Then we can simplify the data and get the required answer.

**Complete step-by-step answer:**

Since the opposite angles of a cyclic quadrilateral equals to $180_{}^\circ$.

From the above diagram we can write-

$\angle A = 2a + 3$,$\angle B = 5b + 8$,$\angle C = 4b - 3$ and $\angle D = a + 7$

Since the opposite angles of a cyclic quadrilateral equals to $180_{}^\circ$.

Therefore we can write-

$\angle B + \angle D = 180_{}^\circ$………...$(i)$

$\angle A + \angle C = 180_{}^\circ$…….....$(ii)$

Now by substituting the values of $\angle B$ and $\angle D$ in equation $(i)$ we get-

$\Rightarrow$$5b + 8 + a + 7 = 180_{}^\circ$

Now add the terms $8$ and $7$, moving on the right hand side we get-

$\Rightarrow$$a + 5b = {180^ \circ } - 15$

So, $a + 5b = 165_{}^\circ$………...$(iii)$

Again by substituting the values of $\angle A$ and $\angle C$ in equation $(ii)$ we get-

$\Rightarrow$$2a + 3 + 4b - 3 = 180$

So, $2a + 4b = 180$…………..…$(iv)$

Now by multiplying equation$(iii)$ by $2$ we get-

$\Rightarrow$$2a + 10b = 330$……….…$(v)$

Now by multiplying equation $(iv)$ by $1$ we get-

$\Rightarrow$$2a + 4b = 180$…….….$(vi)$

By applying elimination method on equation $(v)$ and $(vi)$ we get-

$\Rightarrow$$6b = 150$

By division we get-

$\Rightarrow$So, $b = \dfrac{{150}}{6} = 25$

Putting the value of $b$ in equation $(vi)$ we get-

$\Rightarrow$$2a + 4 \times 25 = 180$

On multiplying the terms we get,

$\Rightarrow$$2a + 100 = 180$

Moving $100$on the right hand side we get-

$\Rightarrow$$2a = 180 - 100$

By division we get-

$\Rightarrow$$a = \dfrac{{80}}{2} = 40$

**Hence, the required values of $a$ and $b$ are $25_{}^\circ$ and $40_{}^\circ$**

**Note:**A cyclic quadrilateral is a quadrilateral that has a circle lying on all its four vertices. Often it is called the inscribed quadrilateral, too.

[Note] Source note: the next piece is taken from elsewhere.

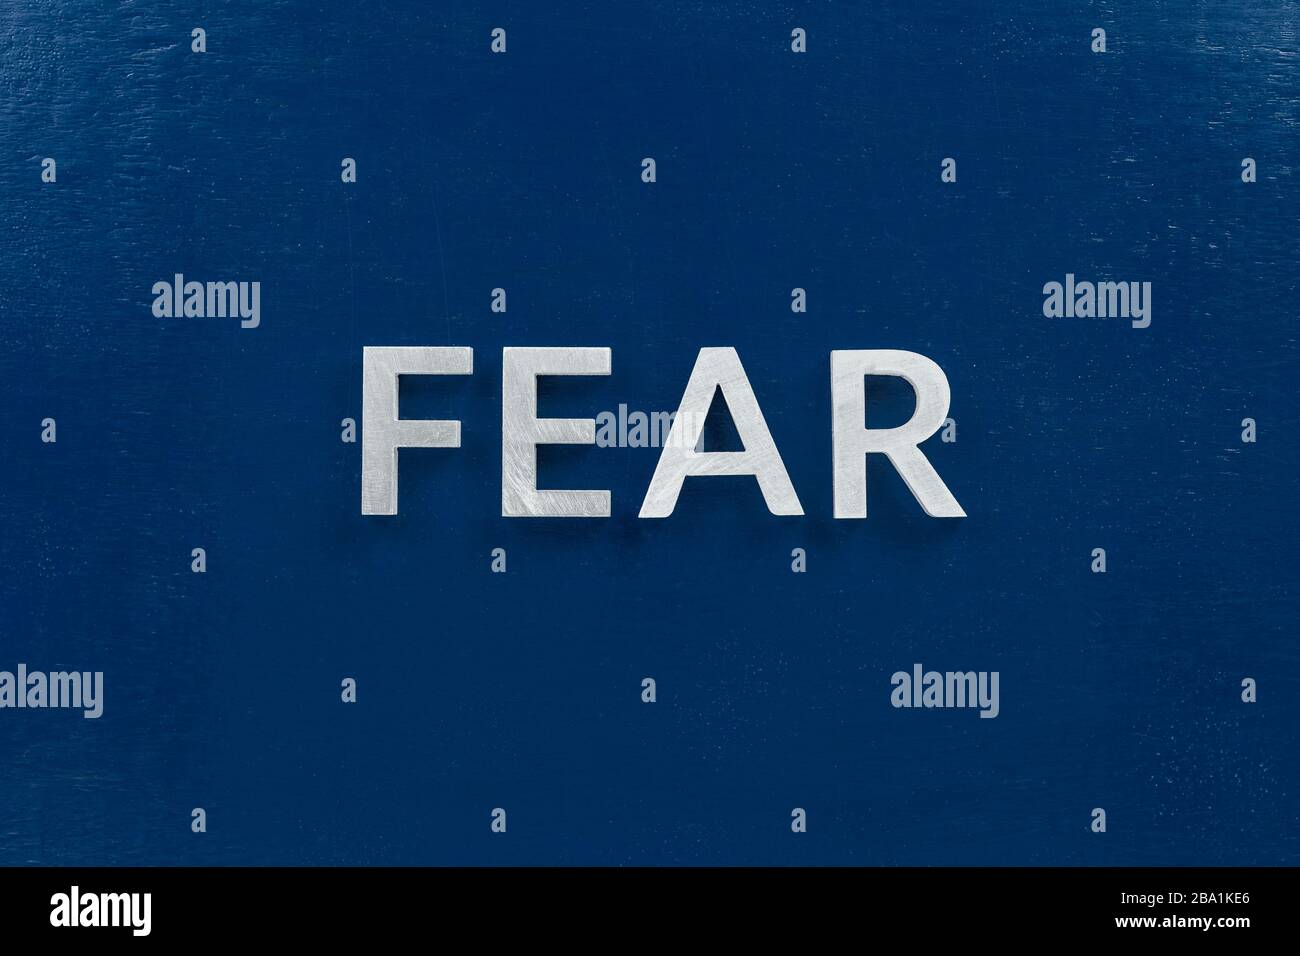 the word fear laid with silver letters on flat blue surface Stock Photo

The total of a pair of opposite angles is $180_{}^\circ$ in a cyclic quadrilateral.

The four vertices of the cyclic quadrilateral lie on the circumference of the circle.

If it is a cyclic quadrilateral, then it is necessary that the perpendicular bisectors must be concurrent.

The four perpendicular bisectors of the given four sides meet at the centre in a cyclic quadrilateral.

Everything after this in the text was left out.